This post originally ran on Truthdig contributor Juan Cole’s website.

Russian President Vladimir Putin said Monday in Paris that his government had intelligence that the reason Turkey shot down a Russian fighter jet last week was to protect oil smuggling from Daesh (ISIS, ISIL) through Turkey. Putin said,

“We have every reason to think that the decision to shoot down our plane was dictated by the desire to protect the oil supply lines to Turkish territory, right to the ports where it is loaded onto tankers. . . We have received additional information which unfortunately confirms that this oil, produced in areas controlled by the Islamic State and other terrorist organisations, is transported on an industrial scale to Turkey.”

In response, Turkish president Tayyip Erdogan said that if any proof could be brought forward that Turkey shot down the Russian plane because of Daesh petroleum, he would resign.

Erdogan tried to turn the tables on Putin by charging that a Russian national in Syria is engaged in brokering the ISIL petroleum smuggling.

Russia said Monday that the ban on importing vegetables from Turkey would remain in place. Russian sanctions on Turkey also hit the tourist trade, costing Turkey some $3 bn a year. These measures only affected Russian spending in Turkey. Turkish imports of Russian fossil fuels remain uninterrupted.

Putin has a much more effective way of bringing the pain to Erdogan, however. The leftist newspaper Radikal quoted the daily BasHaber’s interview tith

Prof. Abbas Vali of Bogazici University, who said [BBC Monitoring trans]:

“The PYD [Kurdish Democratic Union Party] was pleased about Russia’s intervention in Syria. An alliance between the PYD and Russia is inevitable. Russia’s bombardment of the radical Islamist groups on the ground will have a huge impact on the PYD operations. (…) Russia’s operations will considerably bolster the PYD on the ground.”
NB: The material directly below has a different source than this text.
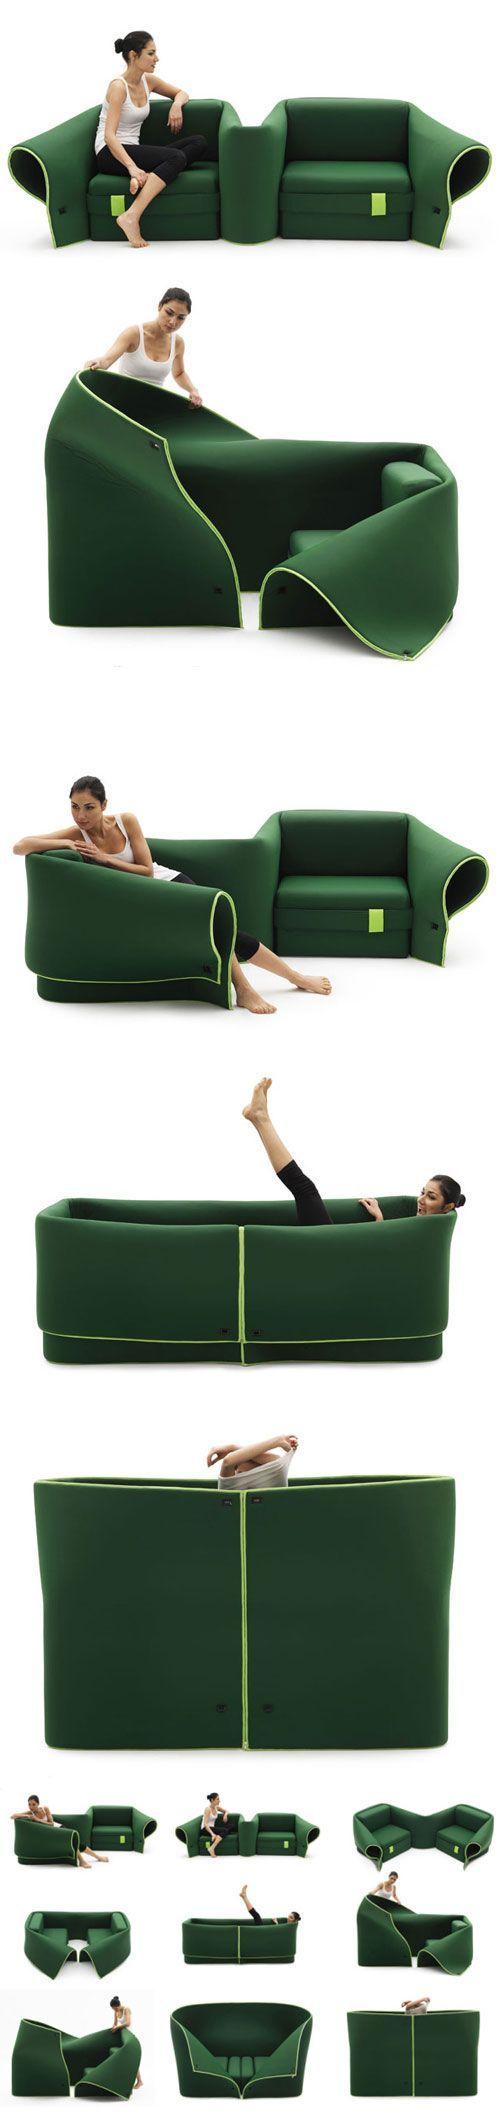 Diseño de muebles - Sosia emanuele Magini

The PYD and its paramilitary arm, the YPG (People’s Protection Unites) are considered by Turkey to be branches of the separatist Kurdish terrorist organization the PKK (Kurdistan Workers Party), but the US and Russia do not agree, and have been willing to cooperate with the leftist Kurds in Syria against Daesh (ISIS, ISIL).

Putin is attempting to shore up the government of Bashar al-Assad, while Turkey hopes to see it overthrown by Muslim fundamentalist rebels. Putin is angling for an alliance of the leftist Kurds with the Baath regime against Daesh Radikal notes (BBC Mon. trans.):

“In a meeting in Sochi last month ( 23 October 2015,) Vladimir Putin spoke of his country’s goals for the air operations and their intentions regarding Kurds as follows: ” You cannot separate terrorists as moderates and extremists. Defeating terrorist groups in Syria will not resolve all the problems but it will create the necessary conditions for a political solution. The government and Kurdish forces in Syria should join forces in combating terrorism. Our air operations in Syria will have positive results.”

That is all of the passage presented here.